Getting your Trinity Audio player ready...
|
[Want even more content from FPM? Sign up for FPM+ to unlock exclusive series, virtual town-halls with our authors, and more—now for just $3.99/month. Click here to sign up.]
Since the violent ousting of former PM Sheikh Hasina on August 5, Bangladeshi Islamists have targeted Hindus and other non-Muslims with violence, imprisonment, and murder. The latest victim of this jihad against minorities is Chinmoy Krishna Das, a Hindu monk and an advocate for the rights of his community and other minorities.
The Indian Express recently reported that Das, a former member of the International Society for Krishna Consciousness (ISKCON), was arrested at the Dhaka airport on November 25. Das was leading rallies demanding security for Hindus in Bangladesh. As a result, the monk faces charges of sedition which were filed after he led an October rally in Chattogram, where he was accused of disrespecting Bangladesh’s national flag. He was denied bail and sent to jail by a Chittagong court on November 26.
The bail hearing for Das, which was originally scheduled on December 3 at a court in Bangladesh’s Chattogram, is now postponed to January 2 because there was no lawyer to represent him. His previous lawyer, Ramen Roy, was attacked allegedly for defending Das:
According to ISKCON, the advocate was beaten up at his residence in Chattogram, reportedly on December 2. “Roy’s only ‘fault’ is that he is defending Chinmoy Krishna Das. His home was ransacked, and he was severely assaulted… He defended Das when he was first produced in court (on November 26). He is still in the ICU, fighting for his life,” Radharamn Das, vice-president and spokesperson of Iskcon, Kolkata told The Indian Express.
“Not only Ramen Roy, lawyers who represented him earlier too were attacked and had cases slapped against them. In this atmosphere of fear, we do not know which lawyer will risk his life and defend him,” added Radharamn Das.

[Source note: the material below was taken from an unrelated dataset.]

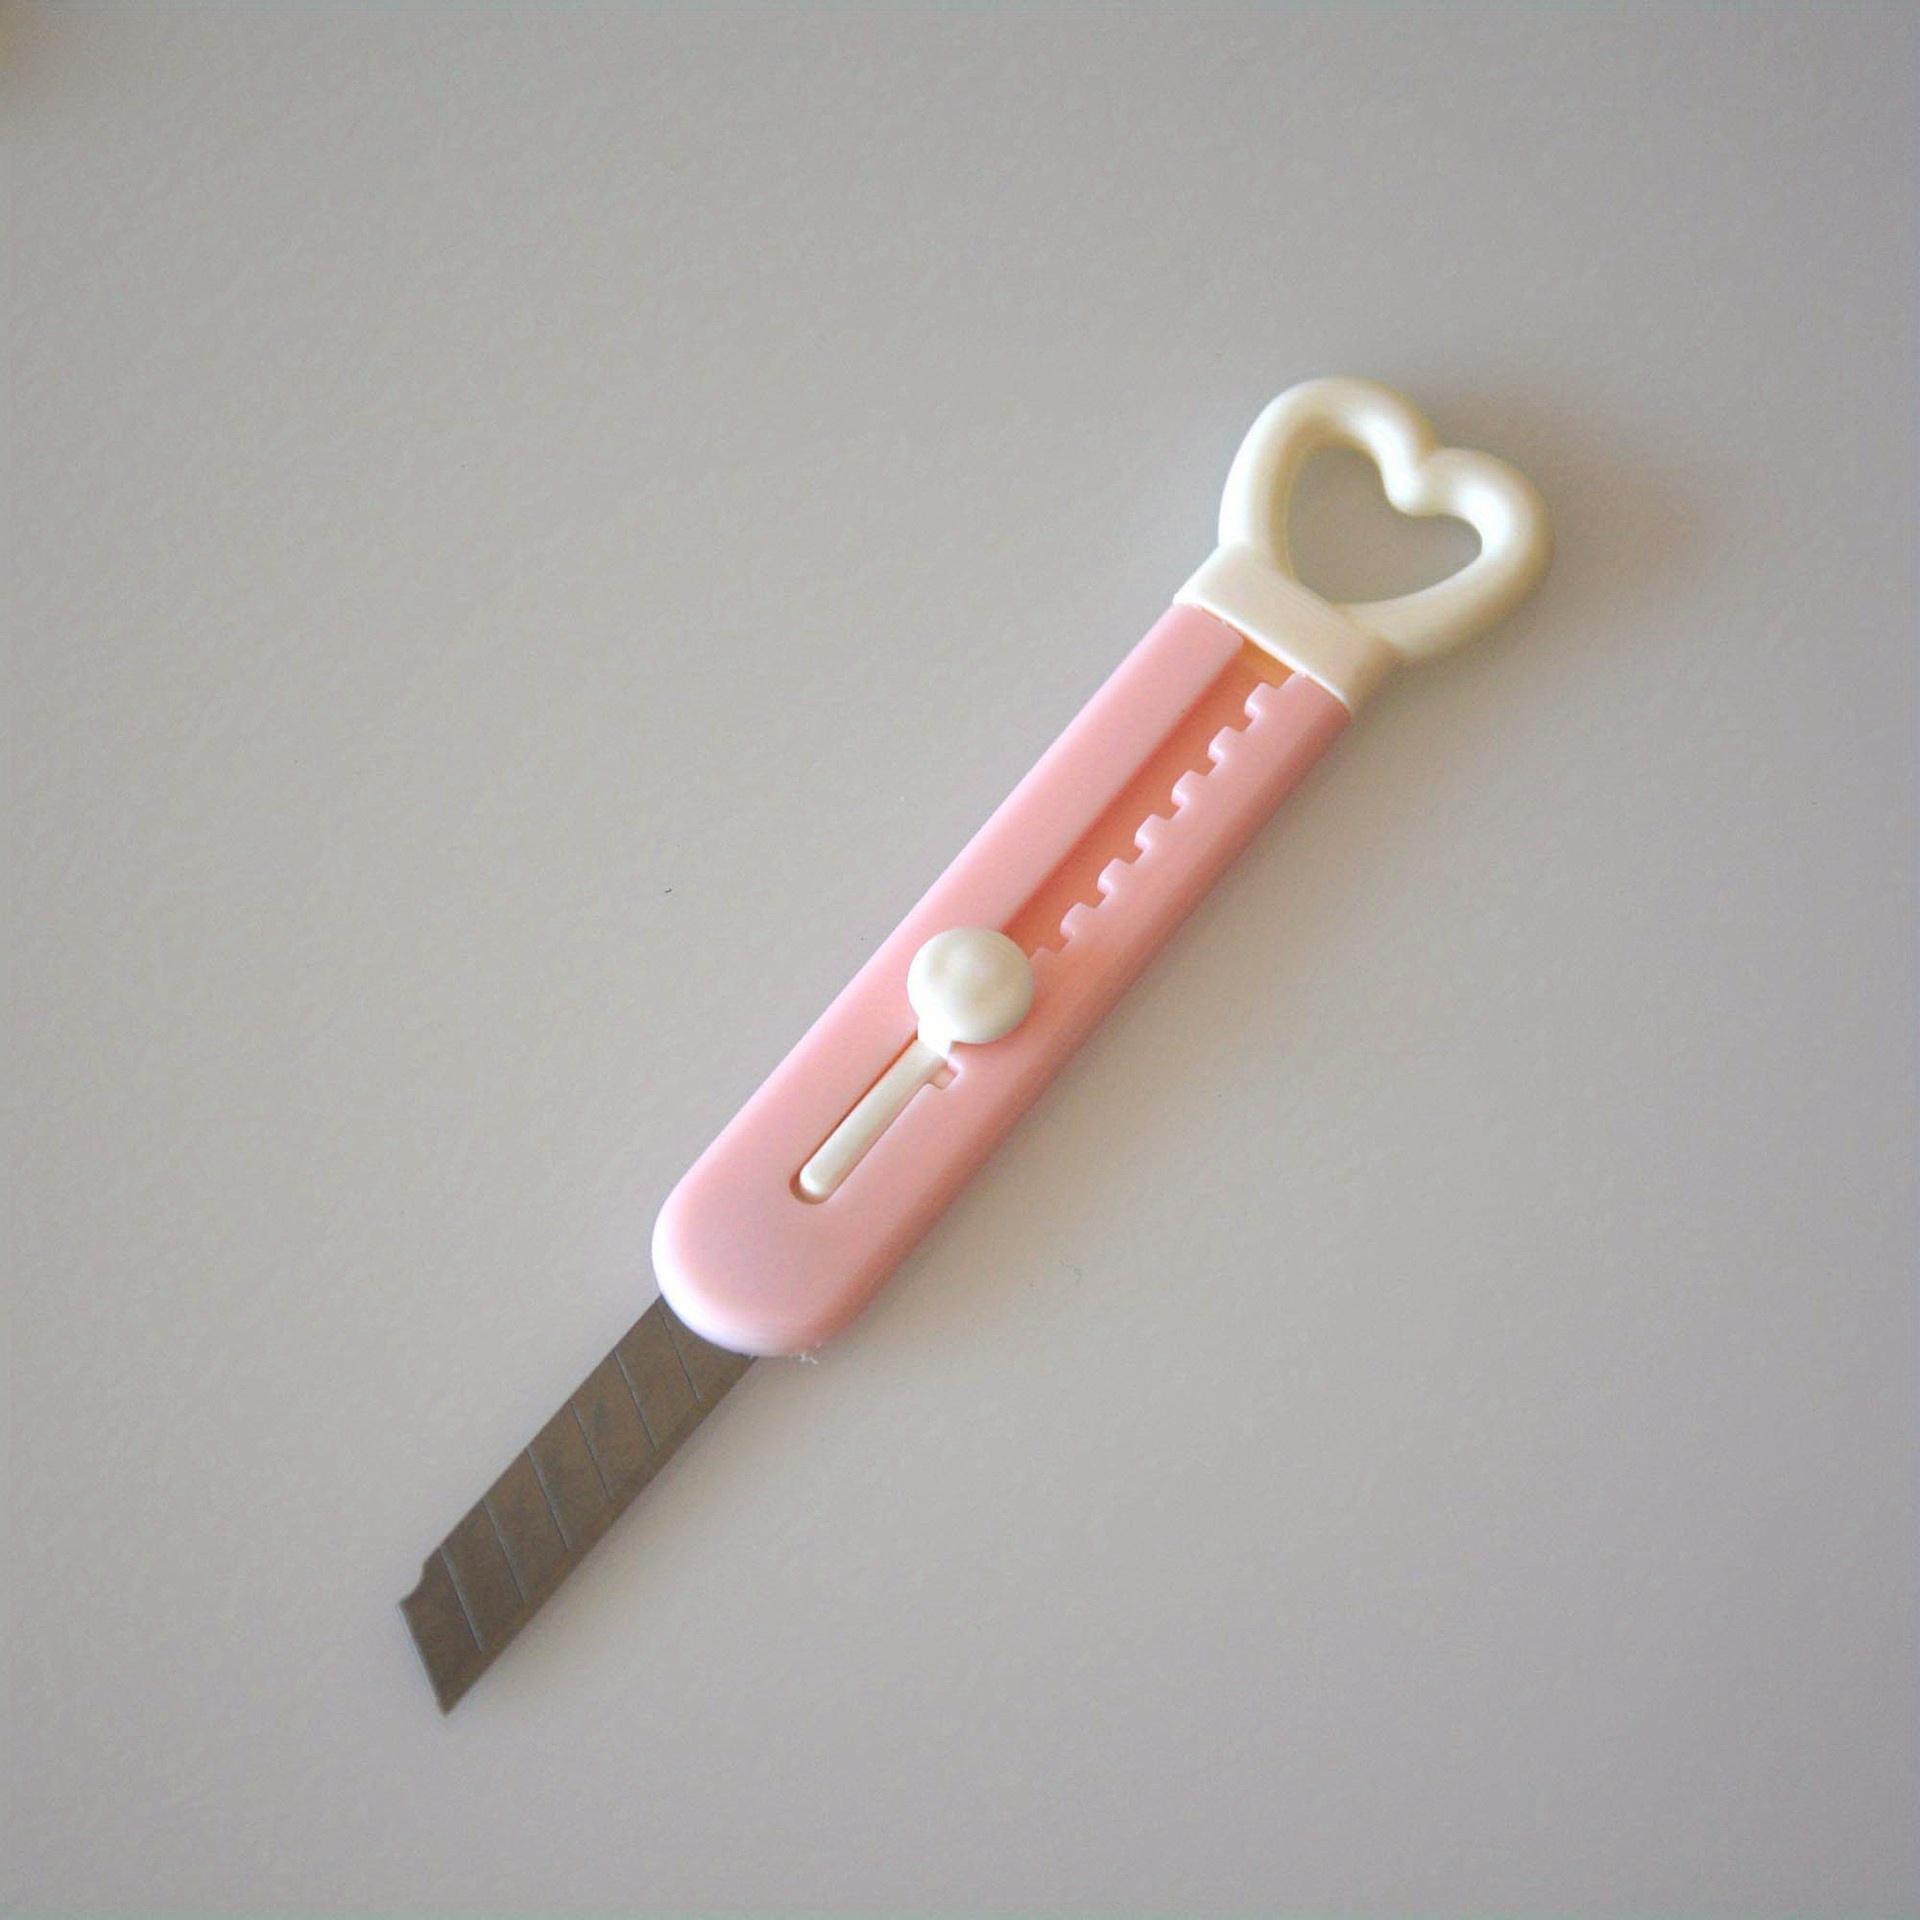 Dropship 1pc Cute Mini Love Heart Utility Knife, Paper Cutter, Art

Less than a week after Hasina was violently ousted from power, Muhammad Yunus (pictured above) found the support of Islamists. He took the oath of office as head of Bangladesh’s interim government. Since Yunus’ ascension, bans against jihadist groups have been lifted and many of their members released from jail. Yunus has even met with many terrorist leaders. Emboldened Islamist groups in Bangladesh now freely held rallies and gatherings. Islamic forces have tightened their grip on the country, plunging Bangladesh into a reign of terror that targets Hindus, Christians, and other non-Muslims.
Hasina, currently residing in India, accused the United States government of playing a role in her removal from power. Hasina claimed that she could have stayed in power if she had compromised on the sovereignty of Saint Martin Island and allowed the US to exert influence over the Bay of Bengal.

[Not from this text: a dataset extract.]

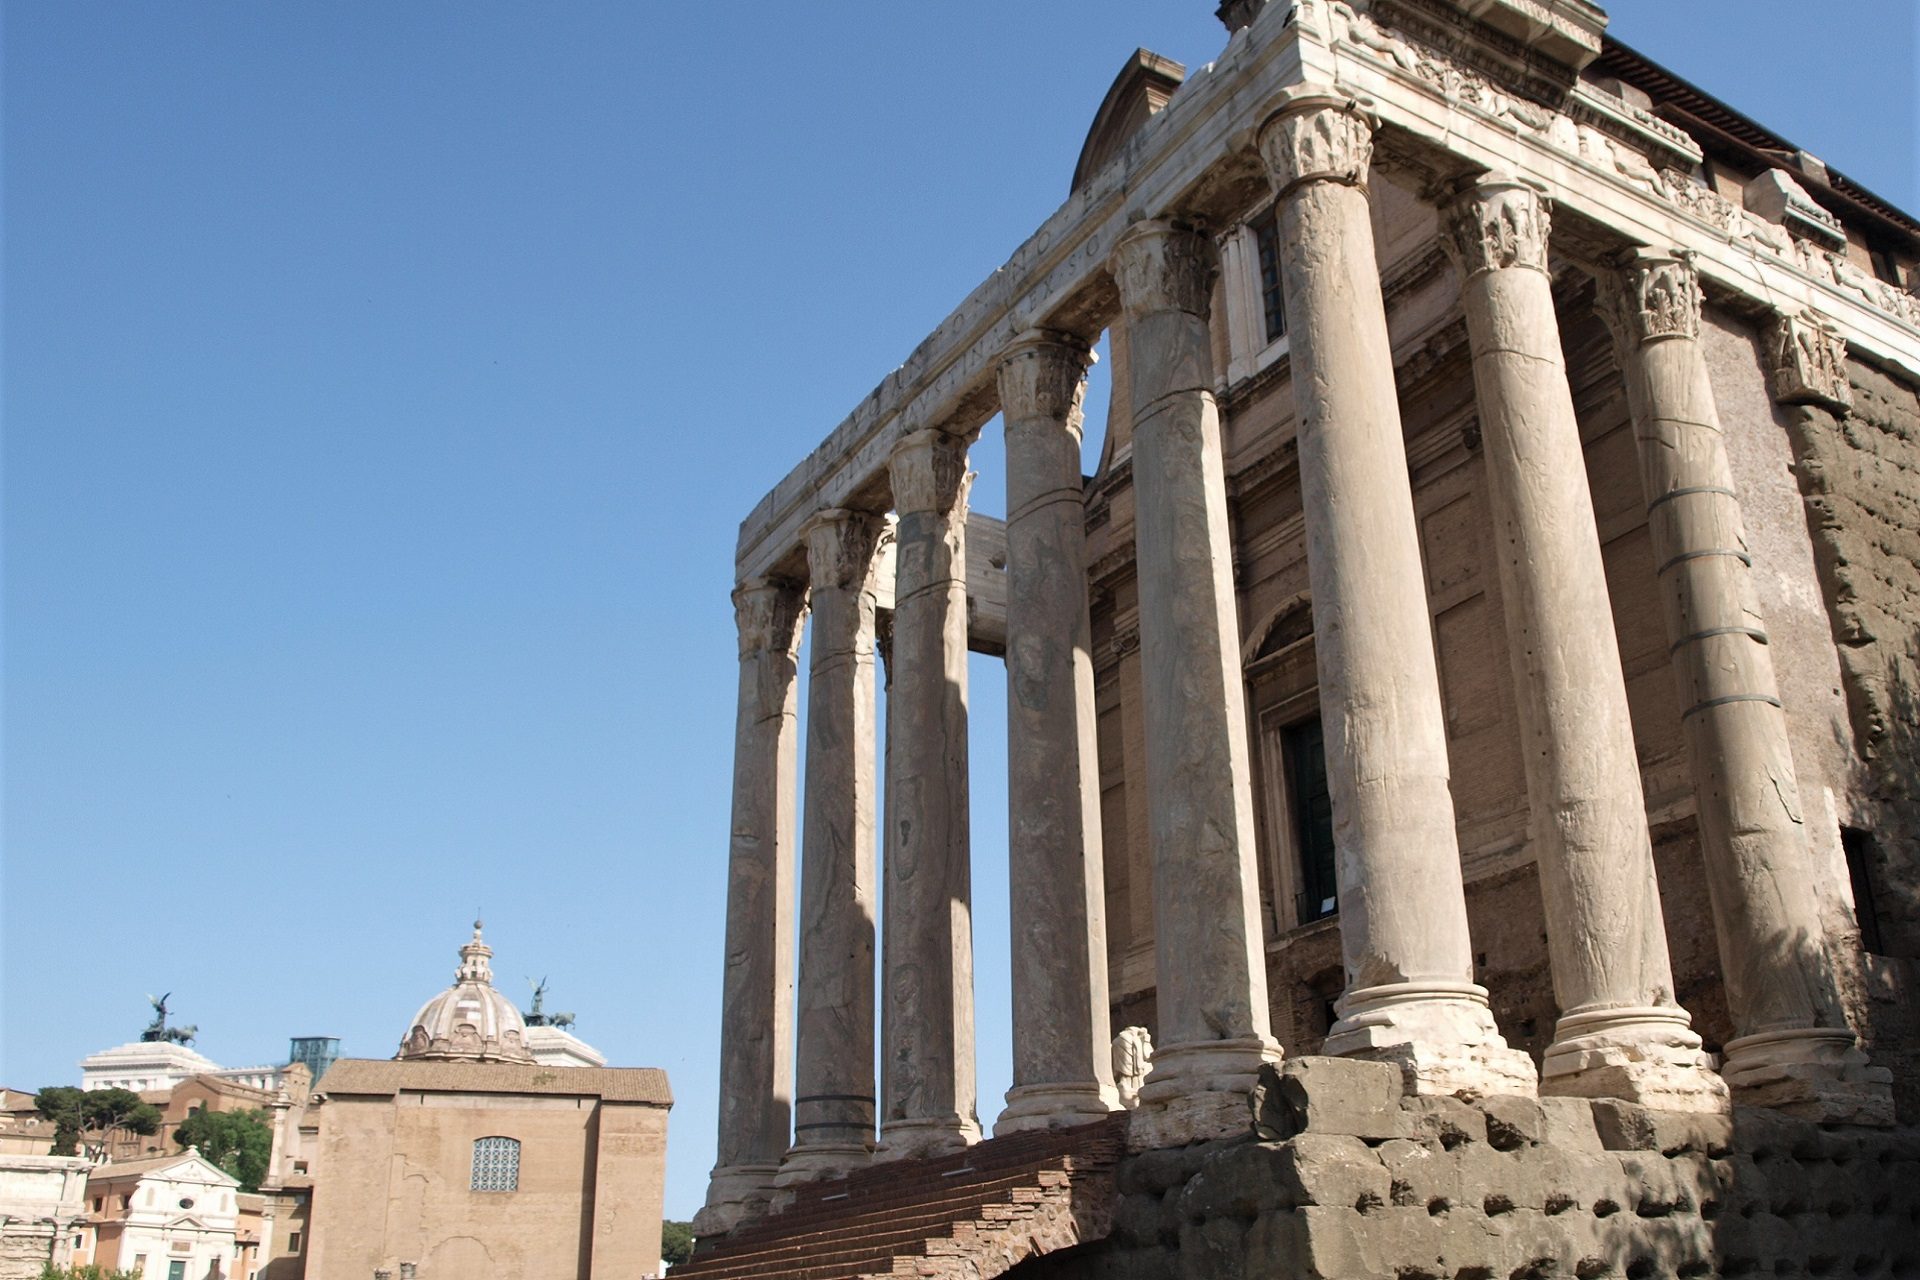 Fasada i kolumnada pozostałe po starożytnej świątyni na Forum Romanum w Rzymie

In a message quoted by the Economic Times, Hasina urged the people of Bangladesh not to be manipulated by radicals. She expressed deep sorrow over the recent killings, harassment, and vandalism targeting leaders and workers in the country.
Meanwhile, Bangladesh is gradually turning into a sharia state and a global center of Islamic terrorism. The Biden administration’s orchestrated attempt to remove Hasina as Prime Minister of Bangladesh and install Nobel laureate Muhammad Yunus has exposed deep flaws within the US administration’s South Asia policy.
Documents obtained by The Sunday Guardian reveal a carefully constructed regime change operation that began in 2019. This makes Bangladesh the latest target after similar operations in Mongolia (1996), Haiti (2001), and Uganda (2021). At the heart of this operation was the International Republican Institute (IRI), implementing broader objectives of the National Endowment for Democracy (NED) and the United States Agency for International Development (USAID). The program, euphemistically named “Promoting Accountability, Inclusivity, and Resiliency Support Program” (PAIRS), operated for 22 months until January 2021, representing a comprehensive effort to reshape Bangladesh’s political landscape.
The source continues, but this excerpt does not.